● Recorded information
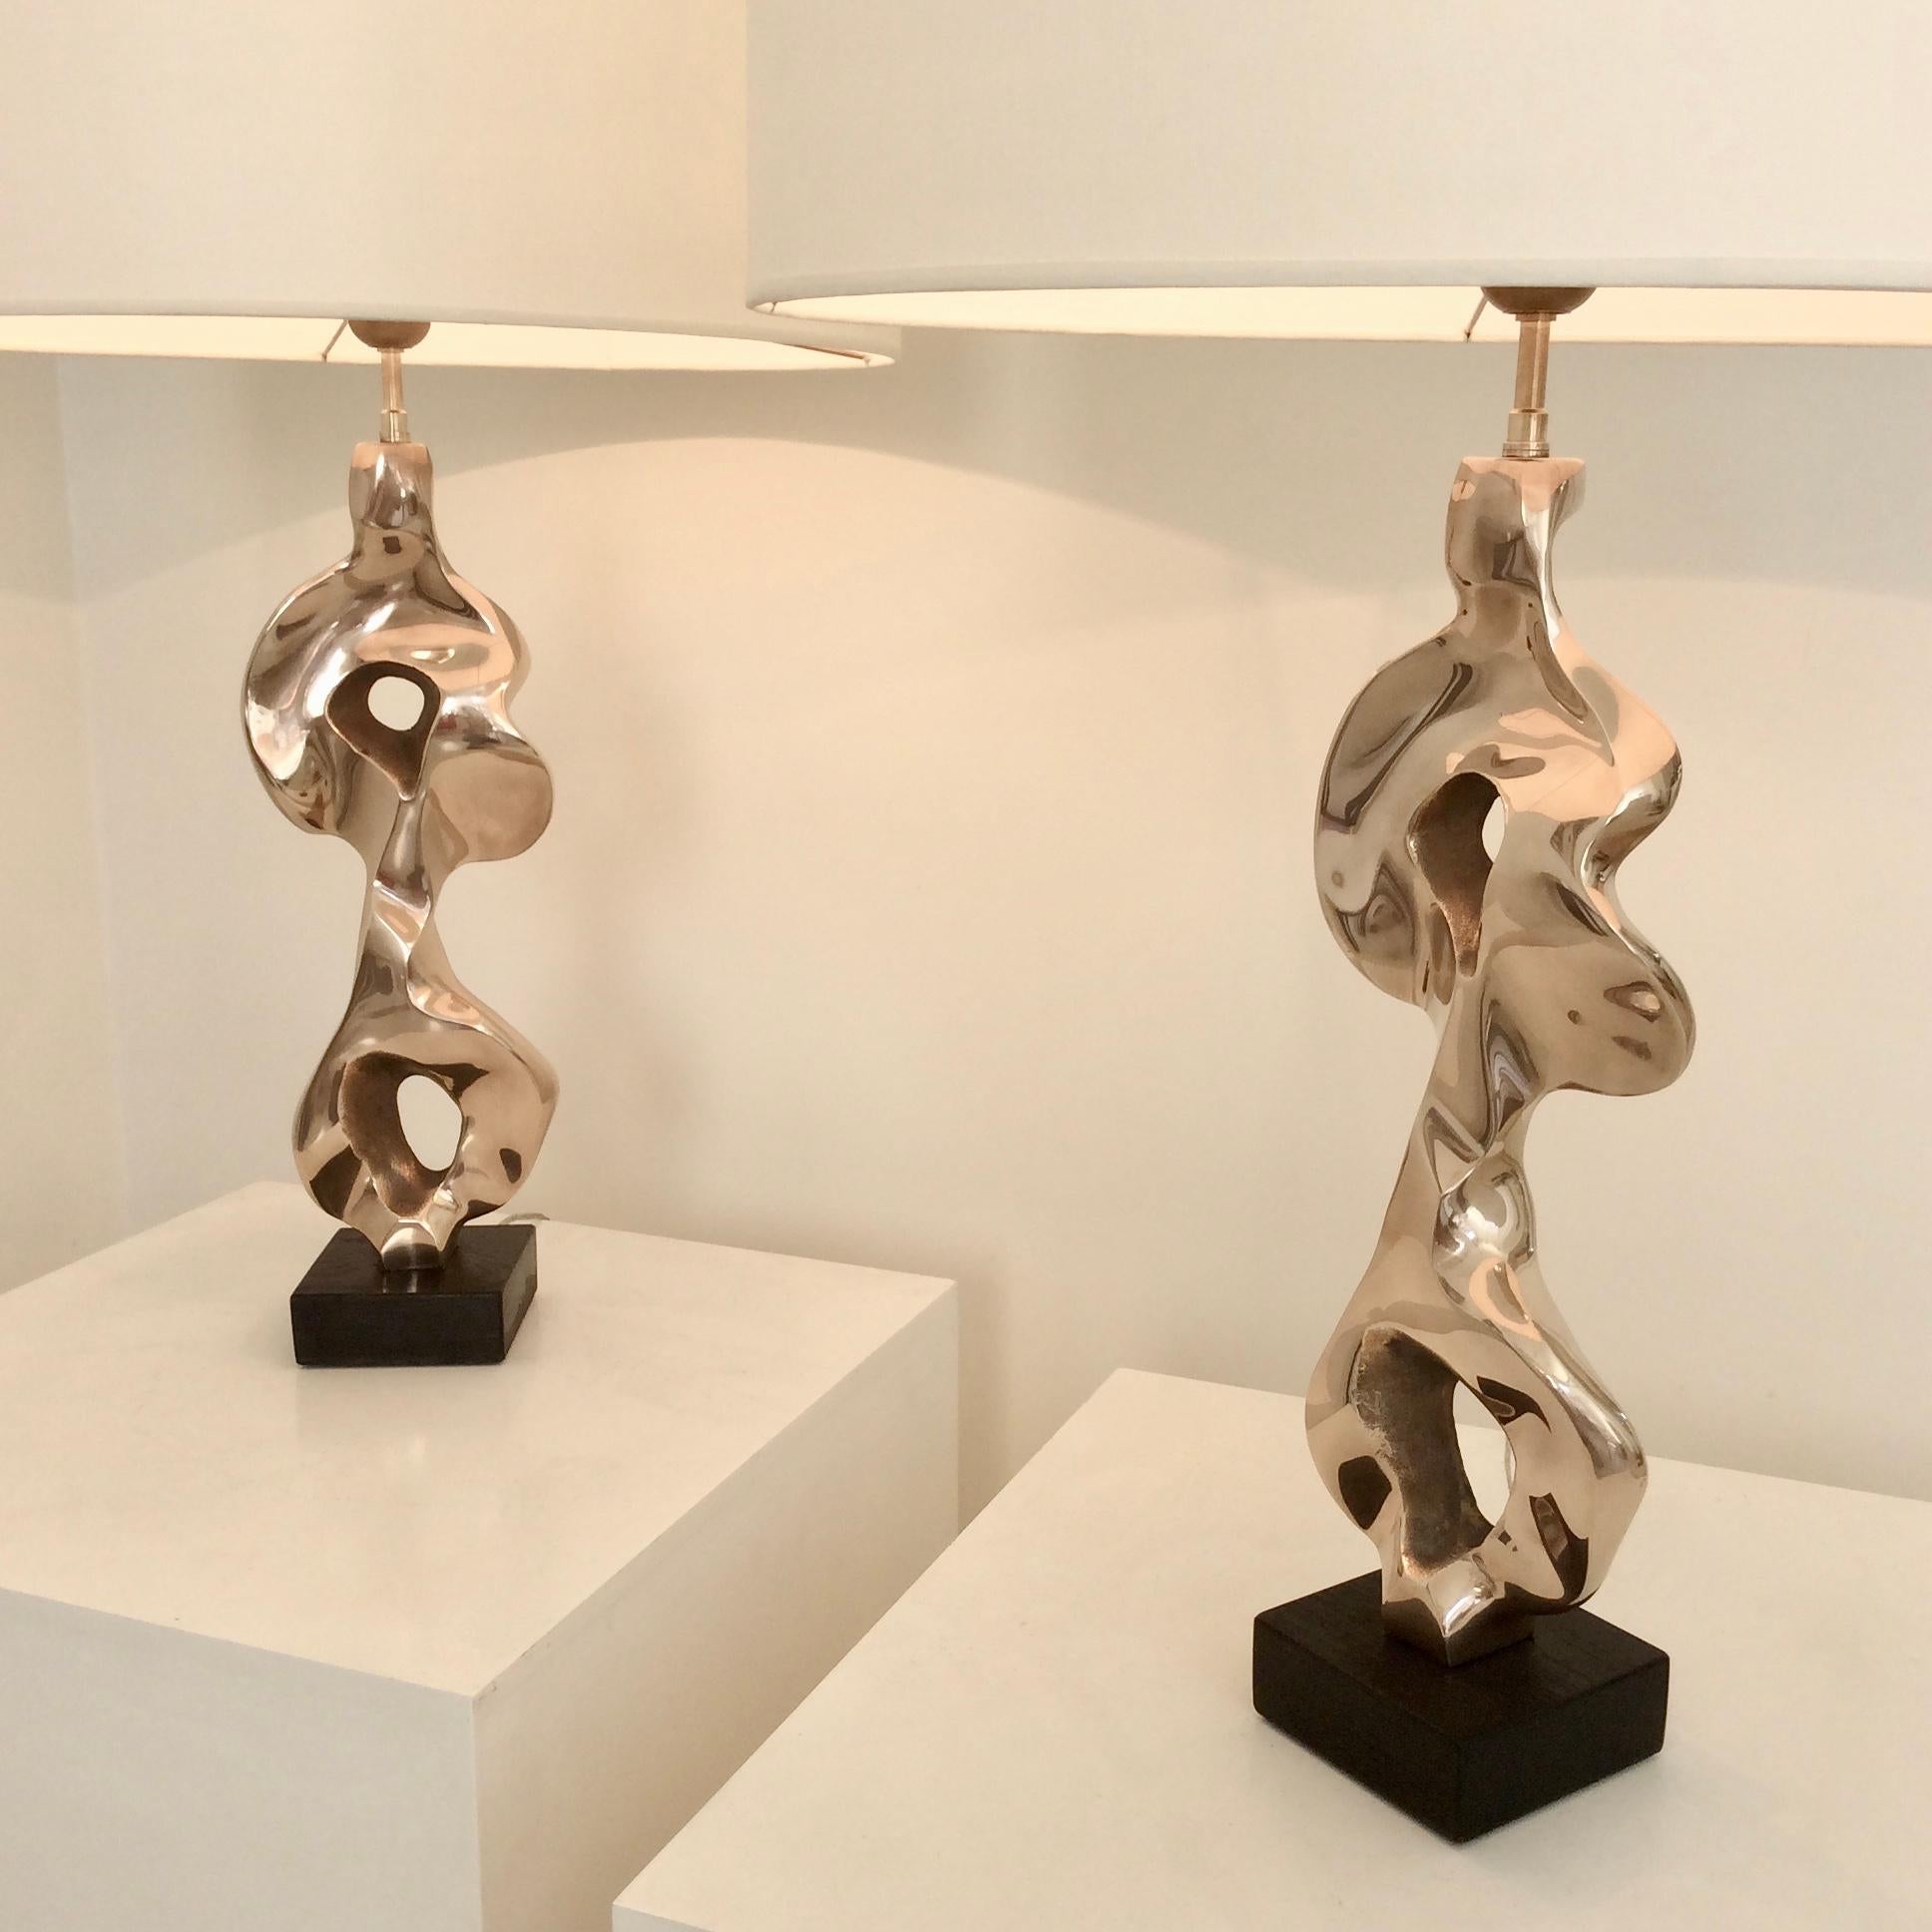 Nice Michel Jaubert organic form bronze table lamps, circa 1975, France.
Polished bronze, new ivory fabric shade, blackered wood base.
One of the lamps is signed by the artist on the base of the bronze.
One E27 bulb of 60 W.
Dimensions: 77 cm H,

● Your task
Using the listing above, show each line holding the string "base".

● Exercise output
Polished bronze, new ivory fabric shade, blackered wood base.
One of the lamps is signed by the artist on the base of the bronze.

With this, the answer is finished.